You can do the same with your word counter.  

How many types and how many tokens does the text contain? What is its type-token-ratio?


d) With Pandas, you can easily select rows of a dataframe according to a particular criterion. For example,
this command displays all words that occur ten times or more:

```python
df[df[‘count’] >= 10]
```

How many hapaxes are in the dataset? What percentage of all word types are hapaxes?
How many word types start with upper case A?

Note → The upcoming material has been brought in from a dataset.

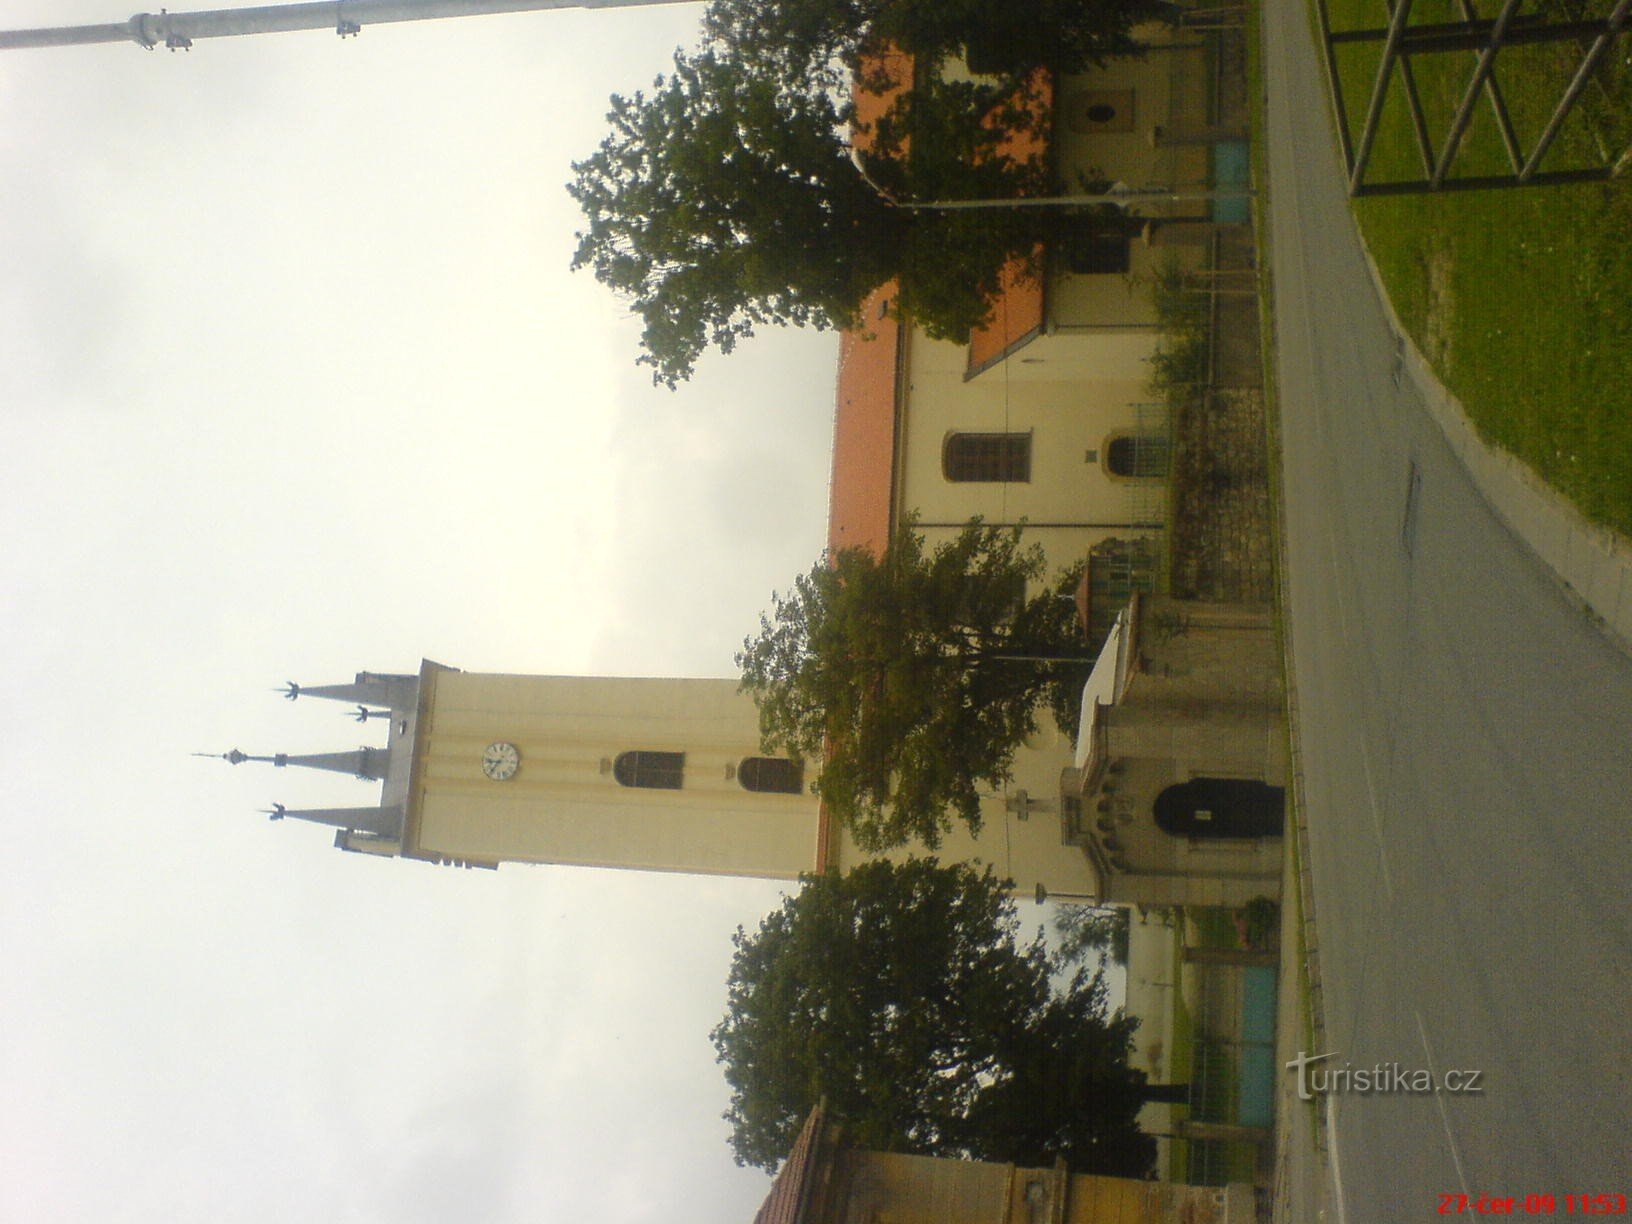 Виродок - церква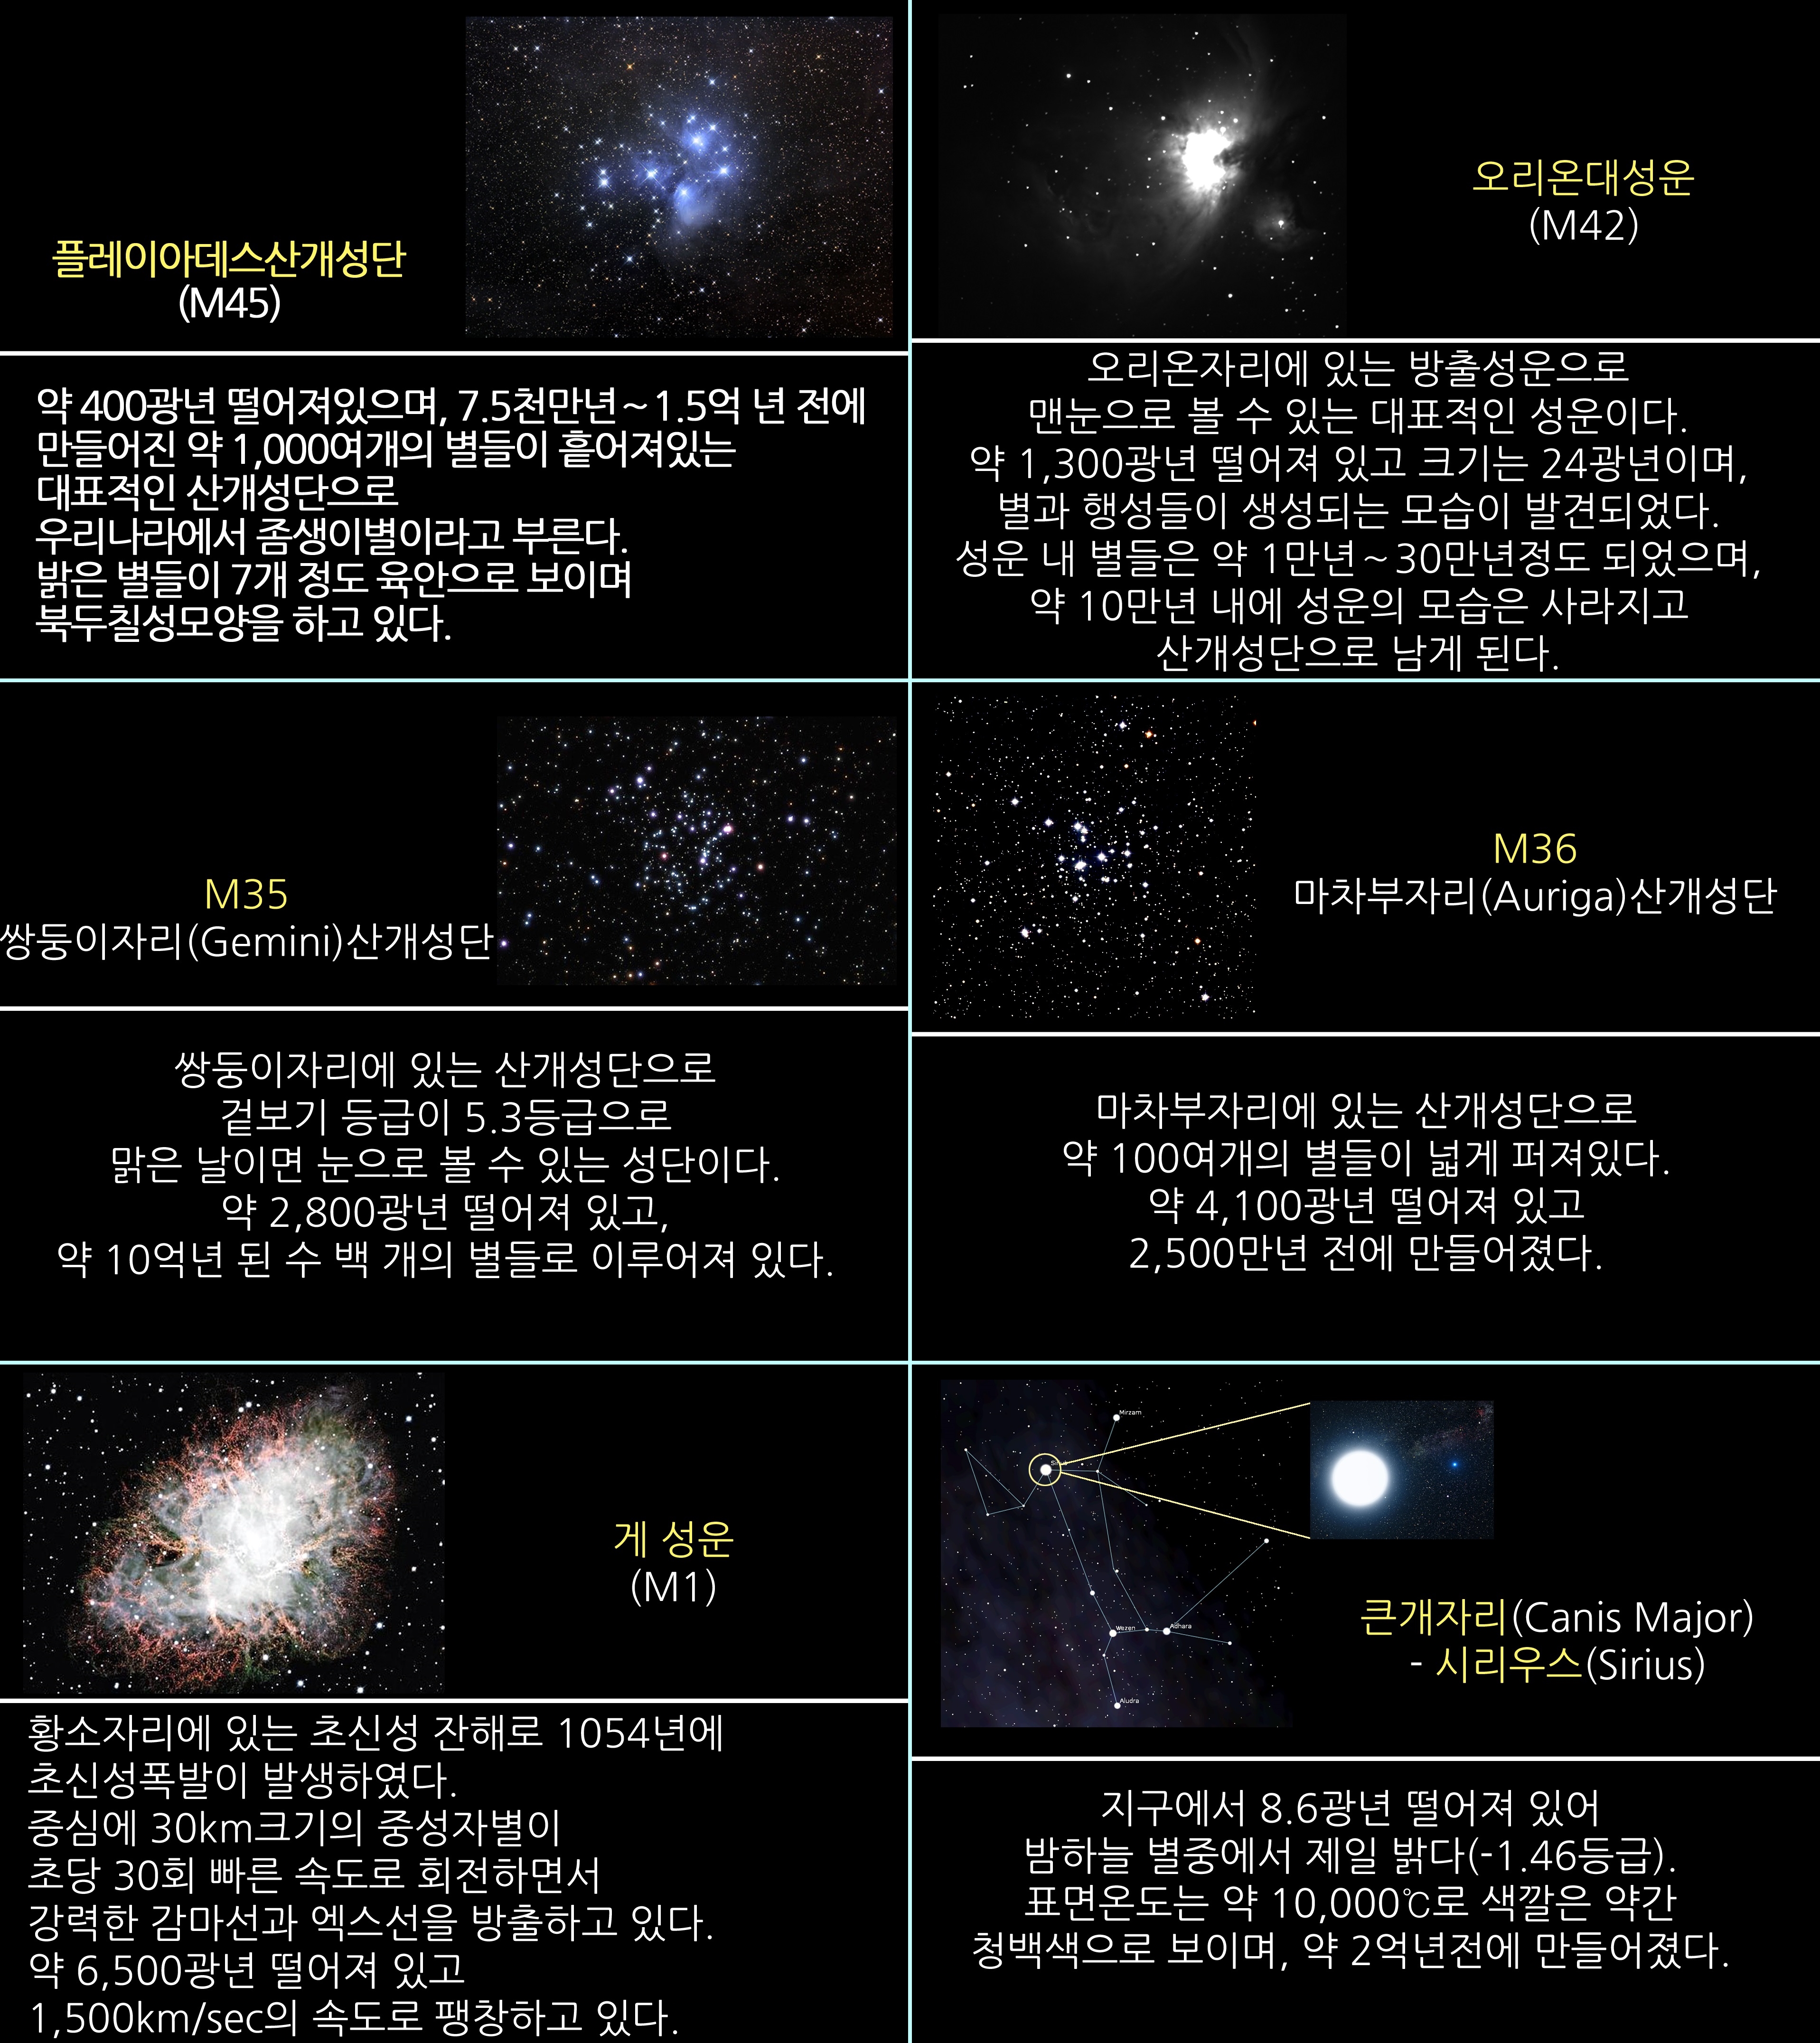 2017년 2월 주요 천체관측 대상

## Part 3: Plotting with Matplotlib

Matplotlib is a package for making plots and figures in Python. When using Jupyter notebooks, the plots
are directly displayed in the notebook. This code snippet generates a simple plot:

```python 
import numpy as np
import matplotlib.pyplot as plt

numbers = np.arange(10)
print(numbers)
plt.plot(numbers)
```

a) Let us create a plot from our frequency distribution. You can directly use the `plot()` method of the
dataframe as follows:

```python
df = df.sort_values('count', ascending=False)
df.plot(x='word', y='count')
```

Does the result of this plot correspond to your expectations? 

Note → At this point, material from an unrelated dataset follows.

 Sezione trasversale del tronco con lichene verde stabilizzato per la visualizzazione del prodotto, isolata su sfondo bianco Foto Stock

b) Let's make some more visualizations. 

* Modify the command to only display the 20 most frequent words. 
* Try to display all words on the x-axis.
* For frequency plots, it is more natural to use bar charts. Switch the type of the plot with the `kind='bar'` parameter.

c) Zipf’s law states that the product of the frequency of a word and of its rank is approximately constant.
Let us verify this law on a subset of our frequency distribution. Select the 2000 first words of the
sorted frequency table. Reset the indices in the resulting dataframe so that we can use each index for the rank. Now, add a new column with the product of rank and frequency.

<details>
<summary>Hints</summary>

```python
	df_zipf = df[:2000].reset_index(drop=True) 
	df_zipf['z'] = df_zipf.index.values * df_zipf['Count']
```
</details>

What are the highest, lowest and average values of z that you observe? Plot the z values as a line chart.